• **What needs to be done**
Every line of the records below from the line with "St. Juste heeft" up to and including the line with "Tháp chuông Volovec" must be reproduced exactly, and no line outside that range.

• **Record extracts**
--- --- ---

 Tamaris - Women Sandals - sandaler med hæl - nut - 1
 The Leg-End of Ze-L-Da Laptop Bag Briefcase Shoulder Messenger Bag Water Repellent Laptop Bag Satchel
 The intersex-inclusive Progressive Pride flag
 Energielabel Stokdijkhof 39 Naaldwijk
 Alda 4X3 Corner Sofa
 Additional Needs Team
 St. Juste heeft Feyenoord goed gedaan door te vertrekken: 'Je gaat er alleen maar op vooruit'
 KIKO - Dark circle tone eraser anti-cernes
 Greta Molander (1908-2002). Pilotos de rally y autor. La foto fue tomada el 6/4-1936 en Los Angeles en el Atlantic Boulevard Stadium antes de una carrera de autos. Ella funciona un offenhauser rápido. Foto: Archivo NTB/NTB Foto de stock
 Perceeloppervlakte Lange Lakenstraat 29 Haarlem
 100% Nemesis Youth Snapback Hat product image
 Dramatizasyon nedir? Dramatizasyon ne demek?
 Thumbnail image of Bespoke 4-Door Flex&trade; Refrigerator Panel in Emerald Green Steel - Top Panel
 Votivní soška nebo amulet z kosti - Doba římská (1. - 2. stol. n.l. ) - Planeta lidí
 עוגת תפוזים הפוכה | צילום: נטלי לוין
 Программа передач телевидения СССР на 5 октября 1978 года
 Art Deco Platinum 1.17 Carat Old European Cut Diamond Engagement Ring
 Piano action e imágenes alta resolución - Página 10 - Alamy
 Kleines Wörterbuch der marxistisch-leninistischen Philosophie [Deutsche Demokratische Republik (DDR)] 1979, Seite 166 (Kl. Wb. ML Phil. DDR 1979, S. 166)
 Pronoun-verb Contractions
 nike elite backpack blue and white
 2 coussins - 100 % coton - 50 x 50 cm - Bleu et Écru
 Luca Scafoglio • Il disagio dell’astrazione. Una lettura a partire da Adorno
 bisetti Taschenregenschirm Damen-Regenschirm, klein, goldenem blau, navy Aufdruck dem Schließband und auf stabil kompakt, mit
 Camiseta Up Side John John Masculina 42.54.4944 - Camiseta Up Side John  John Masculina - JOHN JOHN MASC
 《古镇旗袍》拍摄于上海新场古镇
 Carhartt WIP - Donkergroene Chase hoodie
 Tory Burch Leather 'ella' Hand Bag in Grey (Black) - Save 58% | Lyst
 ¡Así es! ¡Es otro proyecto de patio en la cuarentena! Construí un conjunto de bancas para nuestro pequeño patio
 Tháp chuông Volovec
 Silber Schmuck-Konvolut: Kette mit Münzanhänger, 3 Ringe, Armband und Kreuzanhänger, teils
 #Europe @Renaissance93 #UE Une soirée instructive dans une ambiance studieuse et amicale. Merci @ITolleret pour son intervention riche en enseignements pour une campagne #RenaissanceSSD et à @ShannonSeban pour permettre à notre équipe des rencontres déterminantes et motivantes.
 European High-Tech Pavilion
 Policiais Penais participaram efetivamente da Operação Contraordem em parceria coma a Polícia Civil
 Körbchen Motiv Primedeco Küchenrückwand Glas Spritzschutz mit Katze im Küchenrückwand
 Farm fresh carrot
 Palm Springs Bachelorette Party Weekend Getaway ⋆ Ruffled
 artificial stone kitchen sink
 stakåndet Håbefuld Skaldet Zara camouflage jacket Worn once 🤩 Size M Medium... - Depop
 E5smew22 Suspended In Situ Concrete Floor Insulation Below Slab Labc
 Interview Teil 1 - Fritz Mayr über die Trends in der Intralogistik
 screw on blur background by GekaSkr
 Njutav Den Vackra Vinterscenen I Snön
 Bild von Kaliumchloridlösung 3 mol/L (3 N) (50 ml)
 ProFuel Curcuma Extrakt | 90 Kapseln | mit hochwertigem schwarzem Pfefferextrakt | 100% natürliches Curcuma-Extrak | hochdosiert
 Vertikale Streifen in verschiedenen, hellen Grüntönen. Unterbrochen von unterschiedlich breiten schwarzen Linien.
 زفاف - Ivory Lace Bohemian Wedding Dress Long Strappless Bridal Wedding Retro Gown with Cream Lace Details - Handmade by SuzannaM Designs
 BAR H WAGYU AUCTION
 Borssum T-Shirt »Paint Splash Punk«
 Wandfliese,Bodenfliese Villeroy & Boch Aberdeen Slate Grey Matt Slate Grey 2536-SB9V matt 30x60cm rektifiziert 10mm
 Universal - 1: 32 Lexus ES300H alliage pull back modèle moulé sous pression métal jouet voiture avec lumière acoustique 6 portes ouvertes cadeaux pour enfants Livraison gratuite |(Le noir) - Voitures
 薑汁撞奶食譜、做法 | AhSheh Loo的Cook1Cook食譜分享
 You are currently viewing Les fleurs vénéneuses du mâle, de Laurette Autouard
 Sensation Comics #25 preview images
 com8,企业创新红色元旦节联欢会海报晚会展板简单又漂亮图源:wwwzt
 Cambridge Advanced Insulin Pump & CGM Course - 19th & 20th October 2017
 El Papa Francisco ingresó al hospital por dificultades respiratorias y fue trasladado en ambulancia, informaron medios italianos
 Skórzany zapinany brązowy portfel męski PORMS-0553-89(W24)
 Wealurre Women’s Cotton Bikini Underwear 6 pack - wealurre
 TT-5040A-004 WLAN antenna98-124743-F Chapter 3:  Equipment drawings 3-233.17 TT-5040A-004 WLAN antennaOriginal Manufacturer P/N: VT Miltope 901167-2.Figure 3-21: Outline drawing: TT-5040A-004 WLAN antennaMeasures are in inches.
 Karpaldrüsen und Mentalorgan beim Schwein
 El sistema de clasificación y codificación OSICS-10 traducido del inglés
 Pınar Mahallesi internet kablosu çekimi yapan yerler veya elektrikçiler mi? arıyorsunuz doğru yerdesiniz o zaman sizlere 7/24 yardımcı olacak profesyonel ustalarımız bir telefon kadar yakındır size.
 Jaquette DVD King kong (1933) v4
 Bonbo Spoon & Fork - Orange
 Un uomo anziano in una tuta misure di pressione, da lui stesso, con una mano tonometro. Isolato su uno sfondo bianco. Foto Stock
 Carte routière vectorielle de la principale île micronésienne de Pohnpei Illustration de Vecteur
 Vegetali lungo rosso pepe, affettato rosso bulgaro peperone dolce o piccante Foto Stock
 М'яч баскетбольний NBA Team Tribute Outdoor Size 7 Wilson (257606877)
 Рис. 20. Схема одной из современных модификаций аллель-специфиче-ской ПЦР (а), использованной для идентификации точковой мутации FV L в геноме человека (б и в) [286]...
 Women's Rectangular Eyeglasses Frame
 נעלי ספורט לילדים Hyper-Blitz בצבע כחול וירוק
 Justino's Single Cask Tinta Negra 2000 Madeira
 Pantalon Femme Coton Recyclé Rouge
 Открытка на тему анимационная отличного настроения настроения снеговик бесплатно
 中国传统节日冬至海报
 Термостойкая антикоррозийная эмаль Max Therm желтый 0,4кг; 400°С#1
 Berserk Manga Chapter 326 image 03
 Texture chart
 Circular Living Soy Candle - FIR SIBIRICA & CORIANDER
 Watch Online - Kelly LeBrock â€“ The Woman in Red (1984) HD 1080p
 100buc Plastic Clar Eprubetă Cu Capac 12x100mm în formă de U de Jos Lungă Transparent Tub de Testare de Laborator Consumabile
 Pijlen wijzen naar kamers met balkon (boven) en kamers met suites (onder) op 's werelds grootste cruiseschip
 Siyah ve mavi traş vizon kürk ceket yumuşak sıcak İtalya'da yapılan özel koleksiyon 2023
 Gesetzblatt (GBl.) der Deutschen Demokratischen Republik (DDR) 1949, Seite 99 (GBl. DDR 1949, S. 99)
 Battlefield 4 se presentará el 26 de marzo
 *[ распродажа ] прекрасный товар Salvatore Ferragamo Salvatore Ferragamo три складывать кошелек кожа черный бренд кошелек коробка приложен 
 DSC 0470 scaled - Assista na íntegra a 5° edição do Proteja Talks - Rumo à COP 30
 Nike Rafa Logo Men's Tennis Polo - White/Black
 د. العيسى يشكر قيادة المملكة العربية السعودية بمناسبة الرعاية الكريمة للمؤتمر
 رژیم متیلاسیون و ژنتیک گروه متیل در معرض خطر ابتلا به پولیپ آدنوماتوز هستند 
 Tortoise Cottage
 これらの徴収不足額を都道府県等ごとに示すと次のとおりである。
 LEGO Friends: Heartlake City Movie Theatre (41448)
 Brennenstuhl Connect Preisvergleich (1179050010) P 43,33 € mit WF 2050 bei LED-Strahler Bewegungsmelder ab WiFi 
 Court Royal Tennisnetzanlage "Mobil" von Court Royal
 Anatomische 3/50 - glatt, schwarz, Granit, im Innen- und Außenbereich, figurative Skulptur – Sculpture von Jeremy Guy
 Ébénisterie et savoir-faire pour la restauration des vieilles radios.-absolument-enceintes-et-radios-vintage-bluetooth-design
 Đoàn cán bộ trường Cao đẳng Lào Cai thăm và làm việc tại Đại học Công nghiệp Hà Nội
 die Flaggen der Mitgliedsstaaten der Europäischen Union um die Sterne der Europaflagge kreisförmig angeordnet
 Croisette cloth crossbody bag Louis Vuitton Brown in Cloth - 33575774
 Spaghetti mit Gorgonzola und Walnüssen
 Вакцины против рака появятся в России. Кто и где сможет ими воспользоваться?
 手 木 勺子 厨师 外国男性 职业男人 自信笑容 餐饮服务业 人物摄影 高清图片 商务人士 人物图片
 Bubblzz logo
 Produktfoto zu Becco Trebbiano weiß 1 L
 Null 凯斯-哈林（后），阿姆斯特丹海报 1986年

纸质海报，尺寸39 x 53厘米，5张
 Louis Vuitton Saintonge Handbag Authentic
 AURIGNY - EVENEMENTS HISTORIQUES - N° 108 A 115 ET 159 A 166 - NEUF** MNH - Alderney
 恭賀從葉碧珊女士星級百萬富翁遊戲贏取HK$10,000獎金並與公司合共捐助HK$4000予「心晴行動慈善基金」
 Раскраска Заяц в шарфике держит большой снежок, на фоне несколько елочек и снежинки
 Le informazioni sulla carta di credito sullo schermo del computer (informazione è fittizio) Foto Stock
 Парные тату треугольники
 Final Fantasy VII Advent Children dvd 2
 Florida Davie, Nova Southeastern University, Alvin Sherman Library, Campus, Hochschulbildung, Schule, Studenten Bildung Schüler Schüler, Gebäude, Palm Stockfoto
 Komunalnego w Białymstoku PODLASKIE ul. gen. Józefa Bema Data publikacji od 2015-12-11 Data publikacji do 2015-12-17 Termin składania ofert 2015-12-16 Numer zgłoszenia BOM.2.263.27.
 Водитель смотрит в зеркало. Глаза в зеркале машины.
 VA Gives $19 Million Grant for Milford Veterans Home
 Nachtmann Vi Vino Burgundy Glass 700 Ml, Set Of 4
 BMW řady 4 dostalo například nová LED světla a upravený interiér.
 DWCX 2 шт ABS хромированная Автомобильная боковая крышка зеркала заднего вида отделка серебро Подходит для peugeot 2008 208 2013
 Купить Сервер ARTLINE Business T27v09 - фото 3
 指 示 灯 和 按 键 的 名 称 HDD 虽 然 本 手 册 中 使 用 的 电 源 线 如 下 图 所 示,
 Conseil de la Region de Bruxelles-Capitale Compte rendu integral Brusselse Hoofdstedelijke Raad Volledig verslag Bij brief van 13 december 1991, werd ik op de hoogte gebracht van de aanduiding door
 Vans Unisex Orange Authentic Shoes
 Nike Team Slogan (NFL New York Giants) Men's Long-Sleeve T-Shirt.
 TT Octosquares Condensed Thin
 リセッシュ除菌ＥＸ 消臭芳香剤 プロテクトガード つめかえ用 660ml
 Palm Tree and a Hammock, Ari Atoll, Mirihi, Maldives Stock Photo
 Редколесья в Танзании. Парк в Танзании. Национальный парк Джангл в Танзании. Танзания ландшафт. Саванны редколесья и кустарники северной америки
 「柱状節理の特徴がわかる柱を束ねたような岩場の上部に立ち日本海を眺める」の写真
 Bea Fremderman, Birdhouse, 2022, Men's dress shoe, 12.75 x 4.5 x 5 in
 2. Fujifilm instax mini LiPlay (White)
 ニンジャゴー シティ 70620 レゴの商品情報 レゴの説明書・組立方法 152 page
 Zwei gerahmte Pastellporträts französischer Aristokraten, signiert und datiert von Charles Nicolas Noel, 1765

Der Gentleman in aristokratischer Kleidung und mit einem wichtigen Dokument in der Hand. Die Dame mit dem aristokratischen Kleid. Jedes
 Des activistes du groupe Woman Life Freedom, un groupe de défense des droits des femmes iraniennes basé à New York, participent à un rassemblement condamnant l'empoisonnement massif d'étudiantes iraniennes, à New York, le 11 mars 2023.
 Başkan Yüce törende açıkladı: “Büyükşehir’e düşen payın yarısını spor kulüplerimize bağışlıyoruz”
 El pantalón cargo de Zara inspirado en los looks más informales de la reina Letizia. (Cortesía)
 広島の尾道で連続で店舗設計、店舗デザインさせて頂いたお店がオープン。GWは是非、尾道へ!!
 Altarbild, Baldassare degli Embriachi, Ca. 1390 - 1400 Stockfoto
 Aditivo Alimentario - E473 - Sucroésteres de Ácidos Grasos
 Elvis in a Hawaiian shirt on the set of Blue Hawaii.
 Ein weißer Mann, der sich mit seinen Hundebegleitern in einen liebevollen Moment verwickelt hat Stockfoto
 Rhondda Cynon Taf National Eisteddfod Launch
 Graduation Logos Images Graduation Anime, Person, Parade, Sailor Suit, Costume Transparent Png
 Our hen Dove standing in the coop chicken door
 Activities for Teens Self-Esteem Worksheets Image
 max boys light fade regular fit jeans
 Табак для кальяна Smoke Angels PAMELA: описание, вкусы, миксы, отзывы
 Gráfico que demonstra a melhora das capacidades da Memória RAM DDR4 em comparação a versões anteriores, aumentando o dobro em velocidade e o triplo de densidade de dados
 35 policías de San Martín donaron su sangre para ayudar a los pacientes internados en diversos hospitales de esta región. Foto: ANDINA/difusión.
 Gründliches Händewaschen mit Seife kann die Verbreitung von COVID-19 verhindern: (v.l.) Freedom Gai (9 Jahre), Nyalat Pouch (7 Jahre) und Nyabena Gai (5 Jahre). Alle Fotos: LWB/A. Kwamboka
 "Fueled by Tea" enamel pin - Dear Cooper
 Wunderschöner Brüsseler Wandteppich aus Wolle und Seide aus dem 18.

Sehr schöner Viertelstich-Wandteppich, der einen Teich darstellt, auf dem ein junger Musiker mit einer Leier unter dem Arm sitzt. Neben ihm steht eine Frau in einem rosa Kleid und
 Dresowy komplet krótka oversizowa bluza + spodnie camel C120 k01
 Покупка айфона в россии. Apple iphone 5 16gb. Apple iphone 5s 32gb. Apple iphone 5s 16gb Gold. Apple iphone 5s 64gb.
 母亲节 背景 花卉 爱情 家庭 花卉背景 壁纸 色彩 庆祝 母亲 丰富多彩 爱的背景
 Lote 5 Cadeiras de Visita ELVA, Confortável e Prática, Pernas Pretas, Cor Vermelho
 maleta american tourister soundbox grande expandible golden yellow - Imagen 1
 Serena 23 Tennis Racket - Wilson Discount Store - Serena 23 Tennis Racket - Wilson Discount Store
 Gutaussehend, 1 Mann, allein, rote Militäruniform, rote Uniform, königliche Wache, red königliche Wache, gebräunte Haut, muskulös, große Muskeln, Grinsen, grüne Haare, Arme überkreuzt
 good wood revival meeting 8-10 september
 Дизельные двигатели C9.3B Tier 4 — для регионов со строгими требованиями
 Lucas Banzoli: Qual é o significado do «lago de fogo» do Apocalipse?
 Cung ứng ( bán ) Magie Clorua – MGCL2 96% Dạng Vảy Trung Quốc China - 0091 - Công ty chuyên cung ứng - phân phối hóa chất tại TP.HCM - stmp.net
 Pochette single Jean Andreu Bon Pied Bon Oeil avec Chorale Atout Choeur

--- --- ---

• **Exercise answer**
 St. Juste heeft Feyenoord goed gedaan door te vertrekken: 'Je gaat er alleen maar op vooruit'
 KIKO - Dark circle tone eraser anti-cernes
 Greta Molander (1908-2002). Pilotos de rally y autor. La foto fue tomada el 6/4-1936 en Los Angeles en el Atlantic Boulevard Stadium antes de una carrera de autos. Ella funciona un offenhauser rápido. Foto: Archivo NTB/NTB Foto de stock
 Perceeloppervlakte Lange Lakenstraat 29 Haarlem
 100% Nemesis Youth Snapback Hat product image
 Dramatizasyon nedir? Dramatizasyon ne demek?
 Thumbnail image of Bespoke 4-Door Flex&trade; Refrigerator Panel in Emerald Green Steel - Top Panel
 Votivní soška nebo amulet z kosti - Doba římská (1. - 2. stol. n.l. ) - Planeta lidí
 עוגת תפוזים הפוכה | צילום: נטלי לוין
 Программа передач телевидения СССР на 5 октября 1978 года
 Art Deco Platinum 1.17 Carat Old European Cut Diamond Engagement Ring
 Piano action e imágenes alta resolución - Página 10 - Alamy
 Kleines Wörterbuch der marxistisch-leninistischen Philosophie [Deutsche Demokratische Republik (DDR)] 1979, Seite 166 (Kl. Wb. ML Phil. DDR 1979, S. 166)
 Pronoun-verb Contractions
 nike elite backpack blue and white
 2 coussins - 100 % coton - 50 x 50 cm - Bleu et Écru
 Luca Scafoglio • Il disagio dell’astrazione. Una lettura a partire da Adorno
 bisetti Taschenregenschirm Damen-Regenschirm, klein, goldenem blau, navy Aufdruck dem Schließband und auf stabil kompakt, mit
 Camiseta Up Side John John Masculina 42.54.4944 - Camiseta Up Side John  John Masculina - JOHN JOHN MASC
 《古镇旗袍》拍摄于上海新场古镇
 Carhartt WIP - Donkergroene Chase hoodie
 Tory Burch Leather 'ella' Hand Bag in Grey (Black) - Save 58% | Lyst
 ¡Así es! ¡Es otro proyecto de patio en la cuarentena! Construí un conjunto de bancas para nuestro pequeño patio
 Tháp chuông Volovec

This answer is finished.